1971 book by Adam Curle

Making Peace is a book by the British peace studies scholar Adam Curle, first published in 1971.

==Overview==
Making Peace was written during a sabbatical year Curle spent at the Richardson Institute in 1969–70. The book applies ideas from peace studies to Curle's own experiences, explores the definition of peacemaking and considers what constitute peaceful and non-peaceful relationships and what cause them. Curle draws on an approach associated with the Tavistock Institute of Human Relations during Curle's time there, which combined elements of psychoanalysis with aspects of typological psychology. Curle defines peacemaking as the process of transforming human relationships from unpeaceful forms to peaceful ones.

The first part of the book presents case studies of unpeaceful relationships and peacemaking processes, while the second part outlines aspects of peacemaking. The case studies range from interpersonal relationships between spouses to civil and international wars. Part of the book concentrates on conciliation and mediation, skills Curle saw as insufficiently understood and developed, and draws on social and humanistic psychology. Elsewhere Curle emphasises the role of development in creating positive peace. He describes private diplomacy as a practice distinguished by "its absolute separation from political interest and hence its potentiality to permit an open and relaxed relationship between human beings."

In Making Peace Curle outlines an "objectivist" theory of conflict, according to which conflicts can exist even when the parties in conflict are unaware of them (as opposed to "subjectivists" who believe a conflict must be perceived as such by the participants in order to exist). He argues that conflicts can exist regardless of their participants' conscious desires when the relationships in which they are engaged are unpeaceful or exploitative, and that observers' assessments of situations as peaceful or conflictual are ultimately value-driven and subjective.

==Critical reception==
Christopher Mitchell described the book as "the clearest (and in many senses the most honest) exposition of the objectivist position" in peace studies. Reviewing the book in Social Science Quarterly, Larry D. Adams described Curle's practical rather than scholarly approach as the book's greatest strength or weakness, depending on the reader's disposition, and suggested that policymakers and non-experts would be more likely to find the book interesting social scientists.
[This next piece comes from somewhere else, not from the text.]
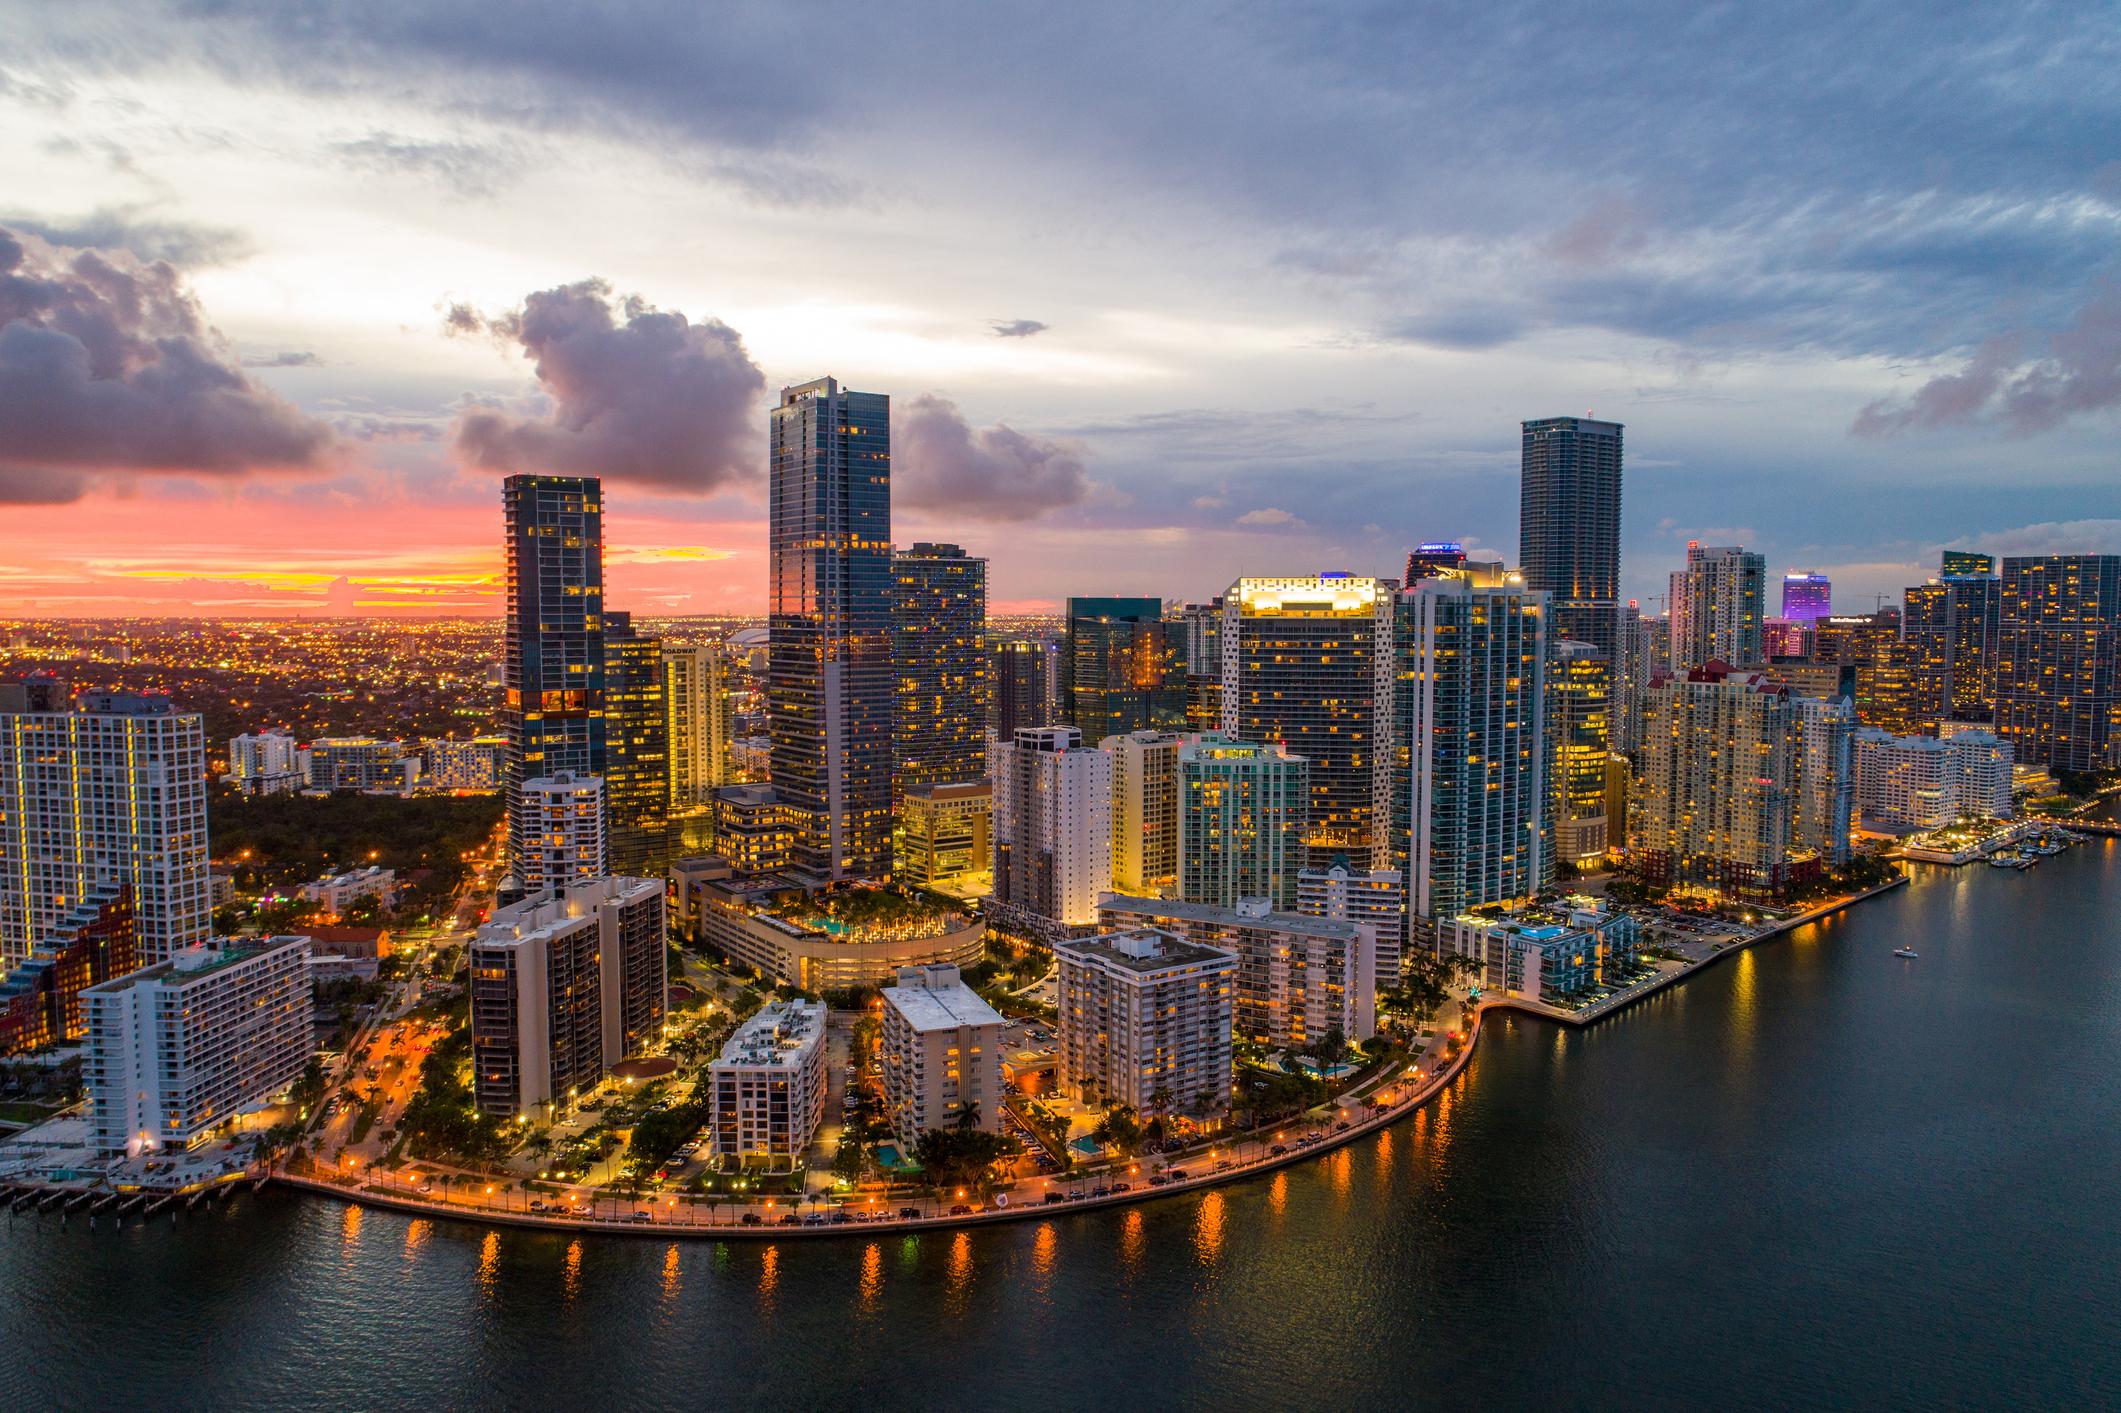 Executive search firm in Miami, FL

Grady H. Nunn, reviewing it in The Journal of Politics, described the book's scope as "awesomely unconventional". In his review in International Affairs, Michael Banton described the book as unduly idealistic and "too personal" to generate in the reader "the kind of theoretical understanding which, by its ability to generate good hypotheses, stimulates self-sustaining advance." Tom Woodhouse described the book's "focus on relationships as the subject of peace" as that "which above all distinguishes and characterises" Curle's work.

==Impact==
Making Peace contributed to the emergence of the field of peace studies and established Curle as a leading figure in the field. The book's approach informed the path later taken by the Department of Peace Studies at the University of Bradford.